◆ **PROBLEM TO WORK ON**
An exact reproduction of the listing is wanted, with the pictures dropped.

◆ **DATA BELOW**
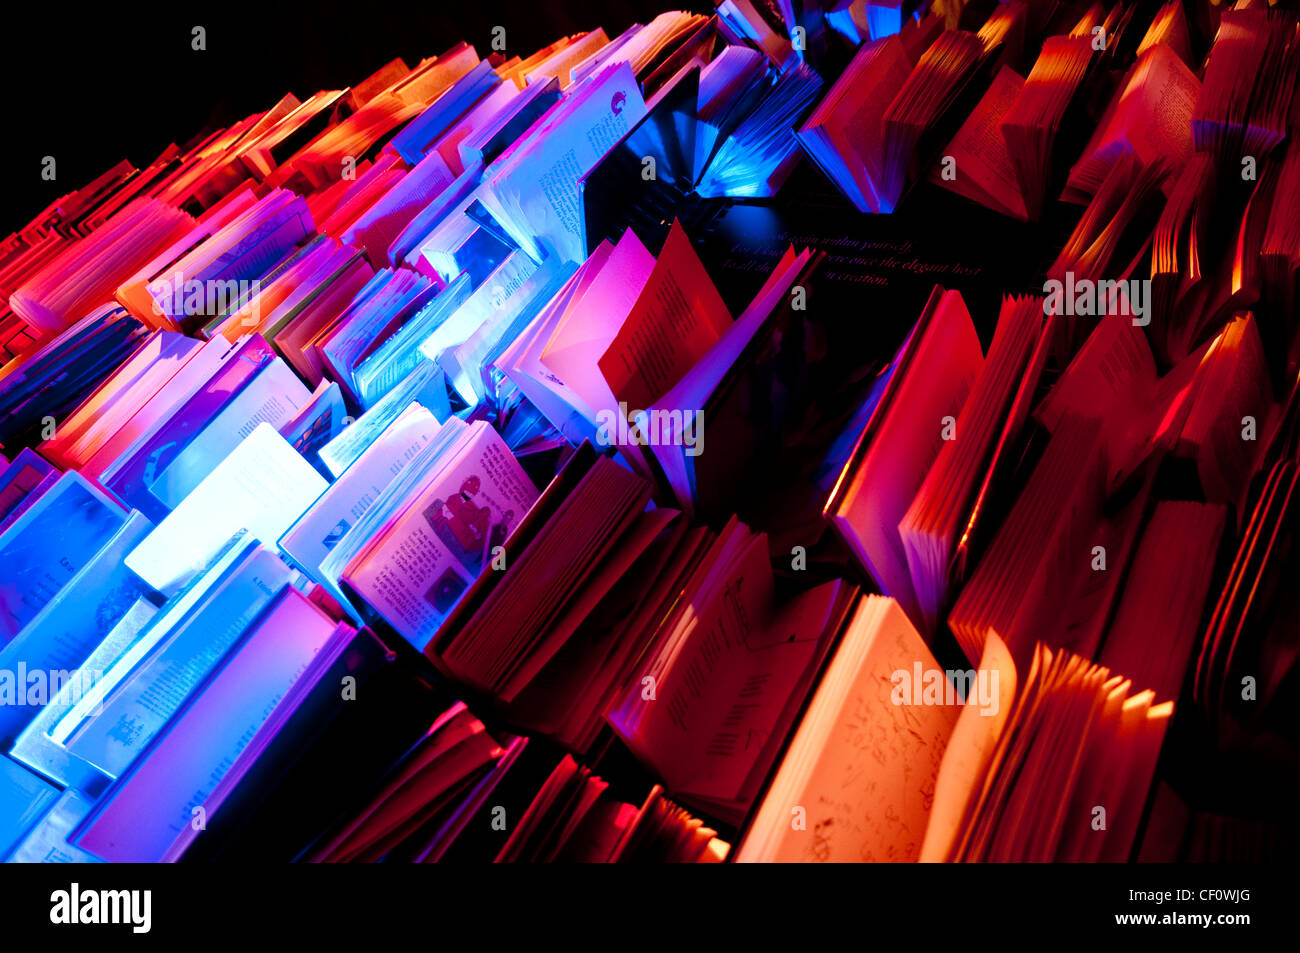 Estantería de libros artísticos con distintos colores de pantalla Foto de stock
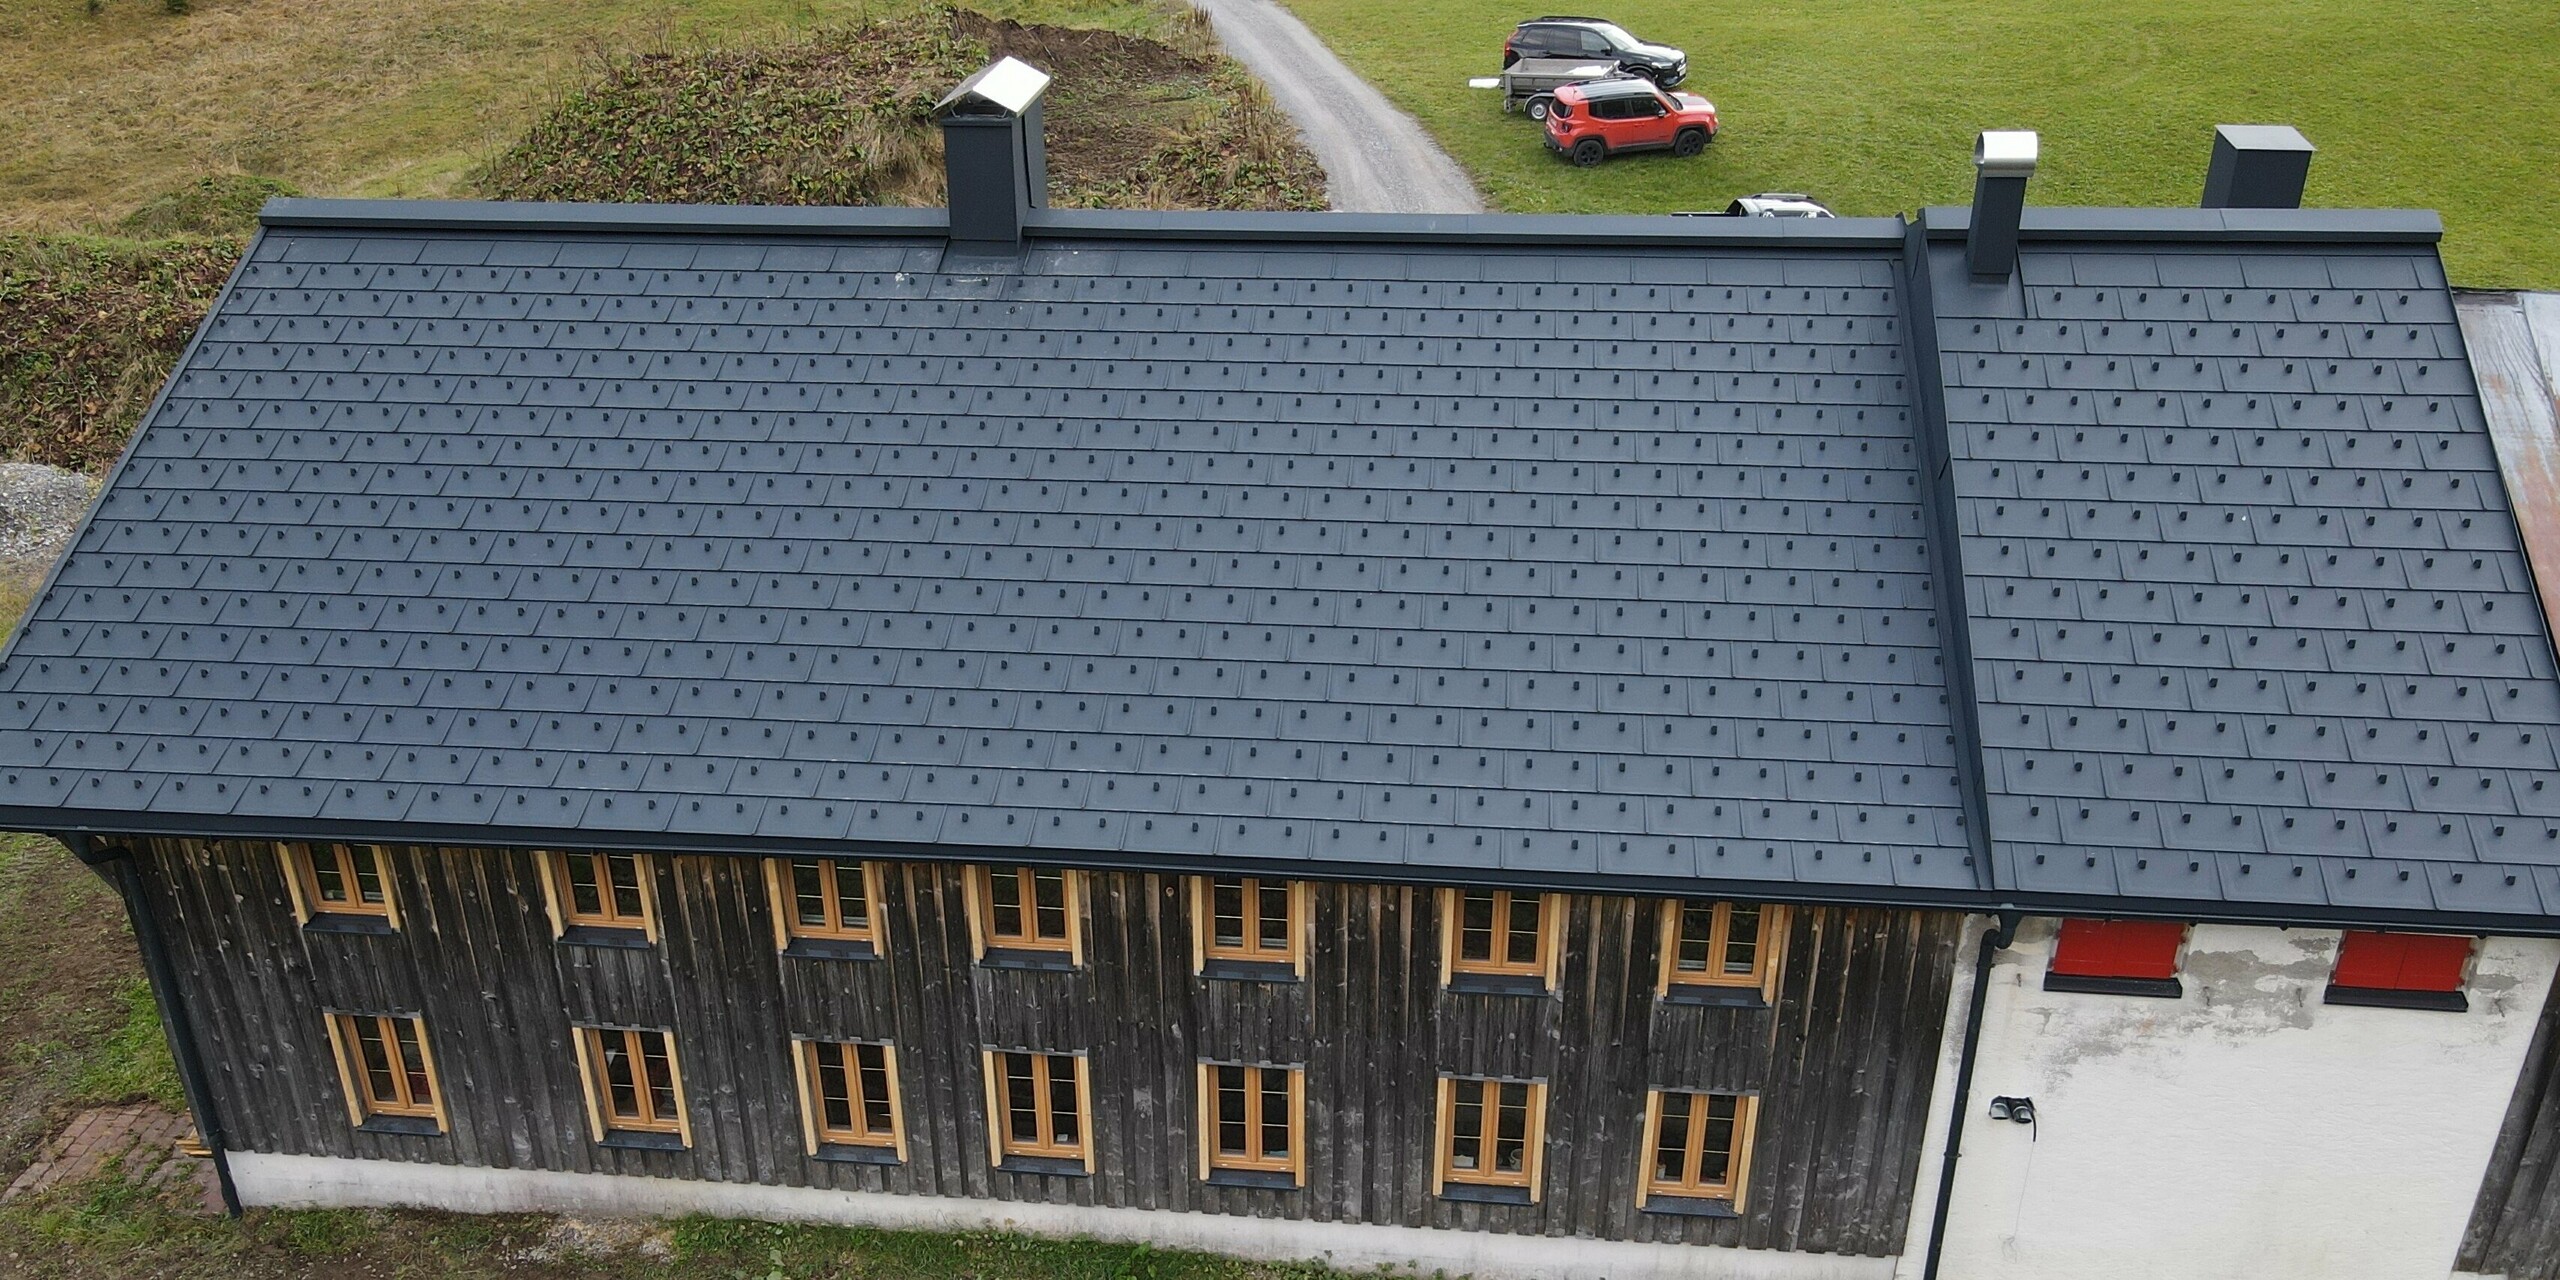 PREFA Solardachplatte in P.10 Anthrazit auf dem Alten Walserhaus in Warth, Vorarlberg
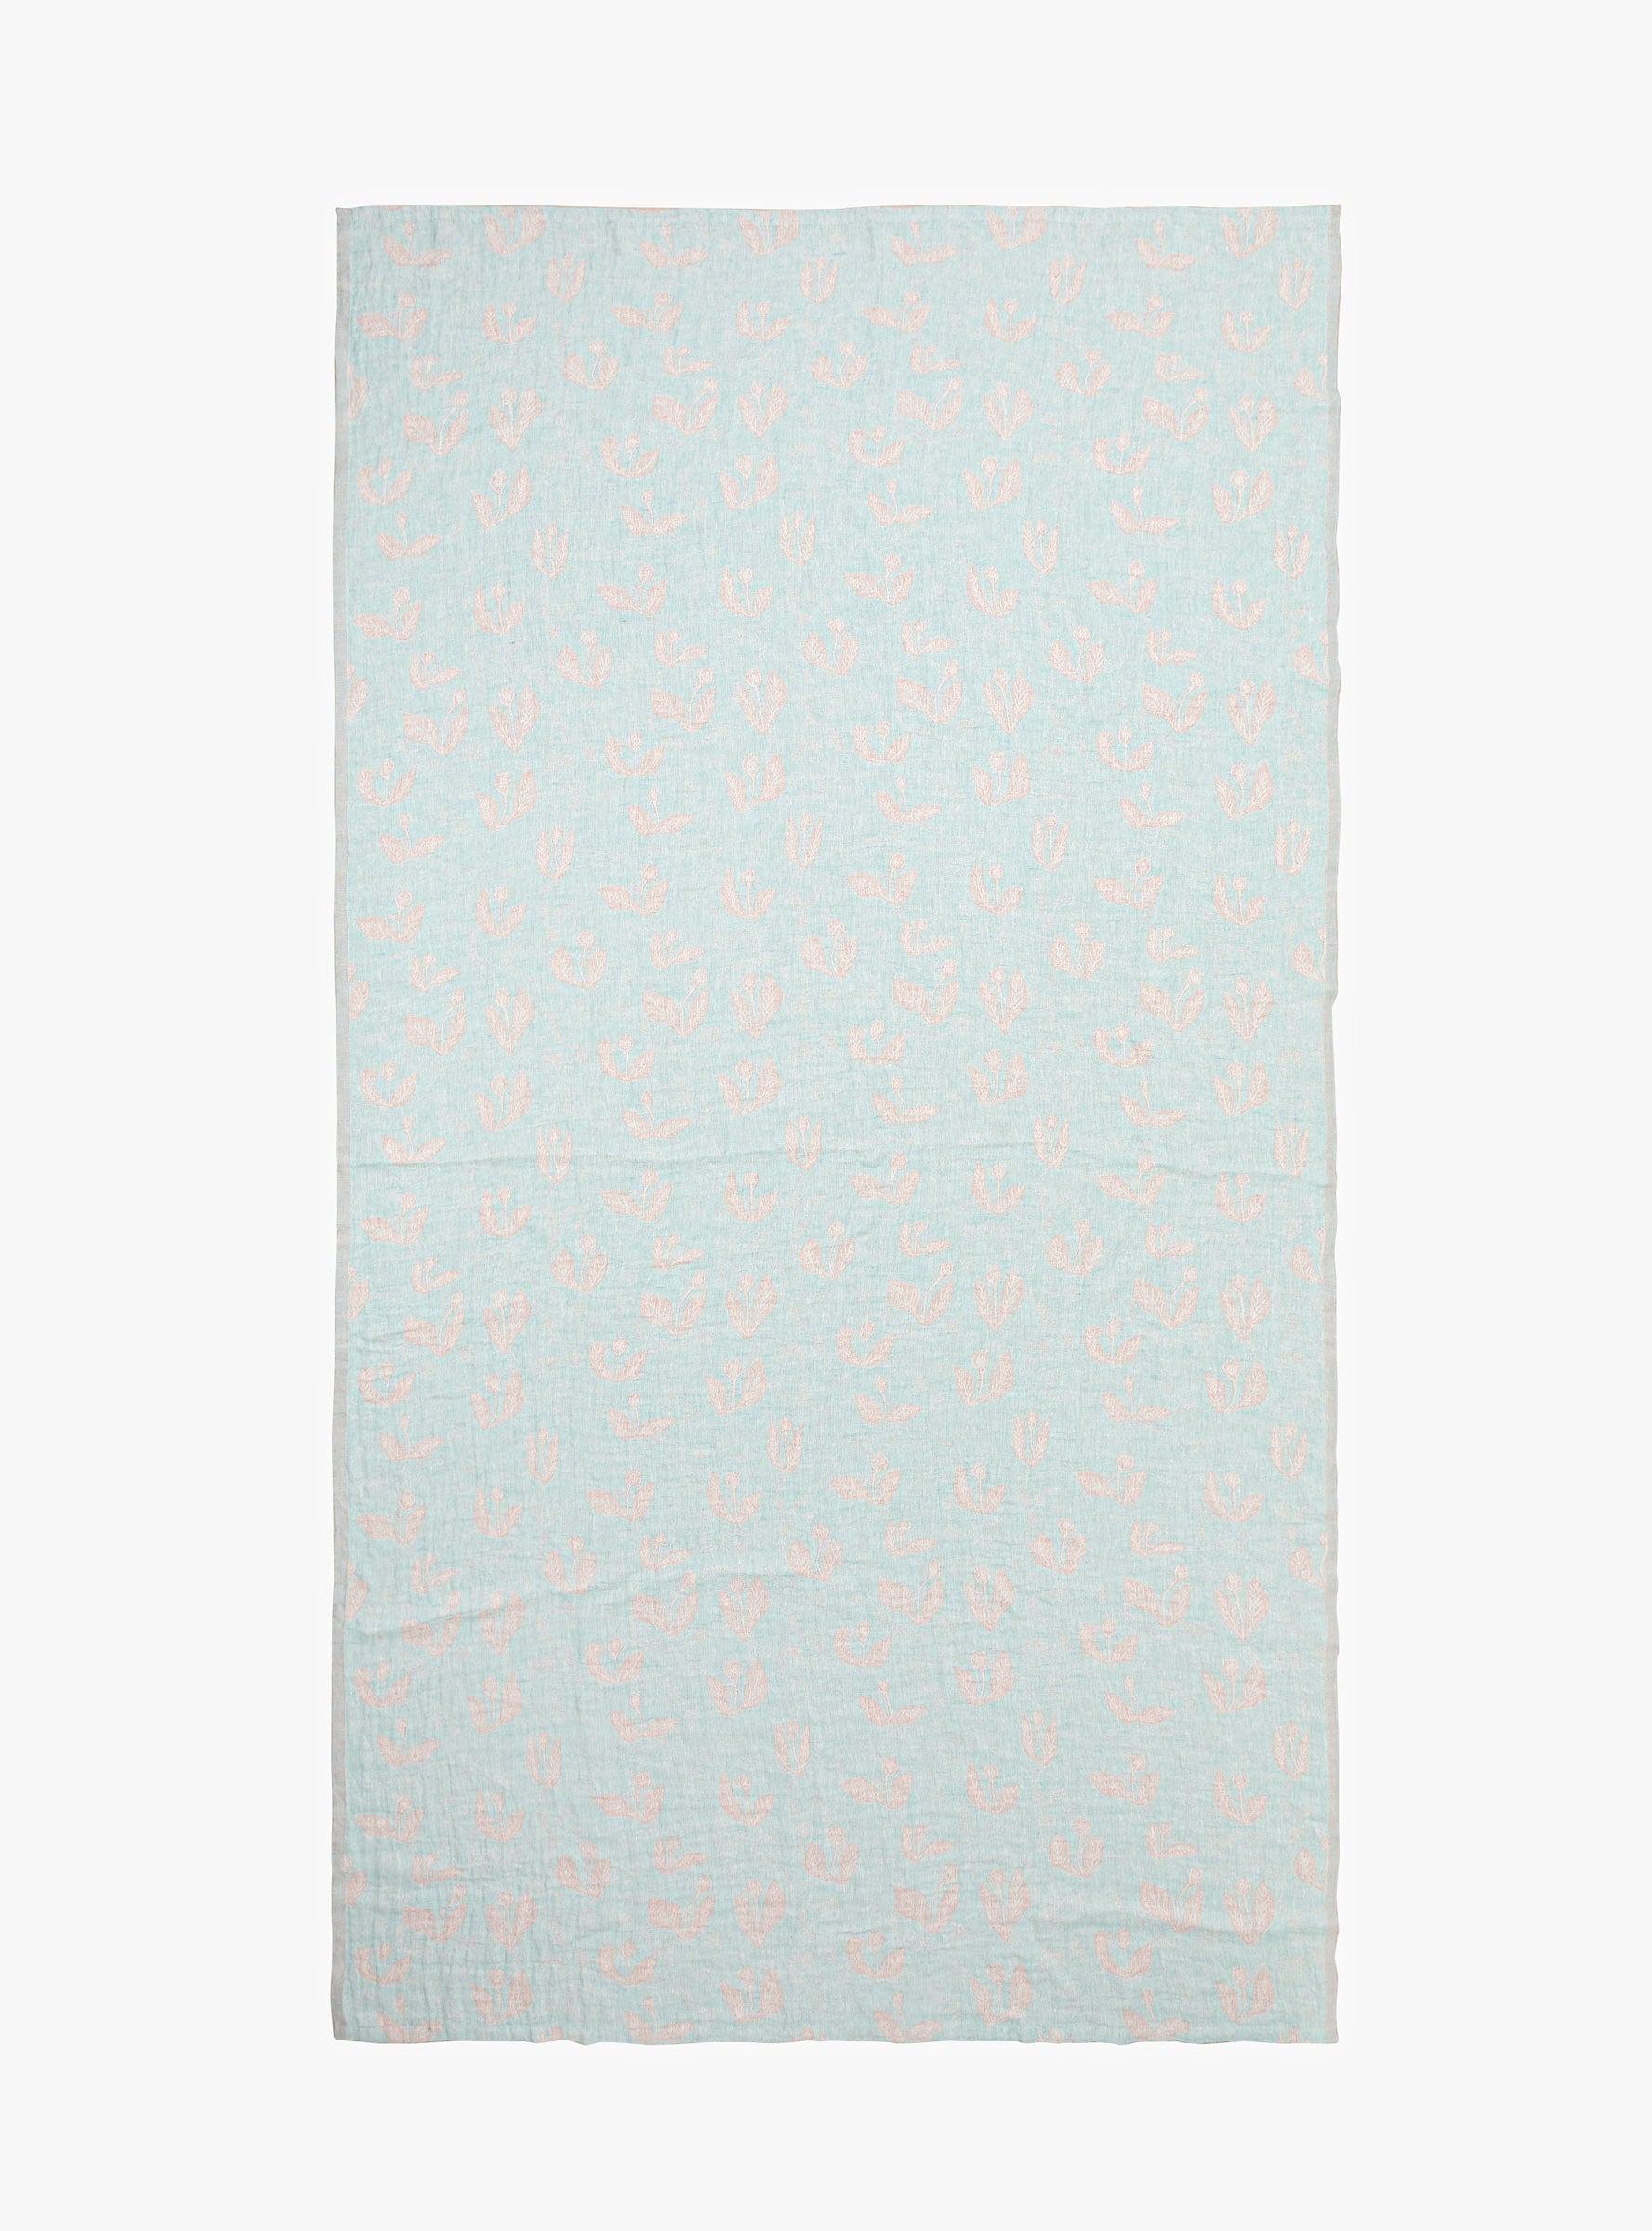  Lapuan Kankurit Oy Kesakukka Tablecloth/Blanket Large

◆ **RESPONSE FOR THIS EXERCISE**
 Estantería de libros artísticos con distintos colores de pantalla Foto de stock
 PREFA Solardachplatte in P.10 Anthrazit auf dem Alten Walserhaus in Warth, Vorarlberg
  Lapuan Kankurit Oy Kesakukka Tablecloth/Blanket Large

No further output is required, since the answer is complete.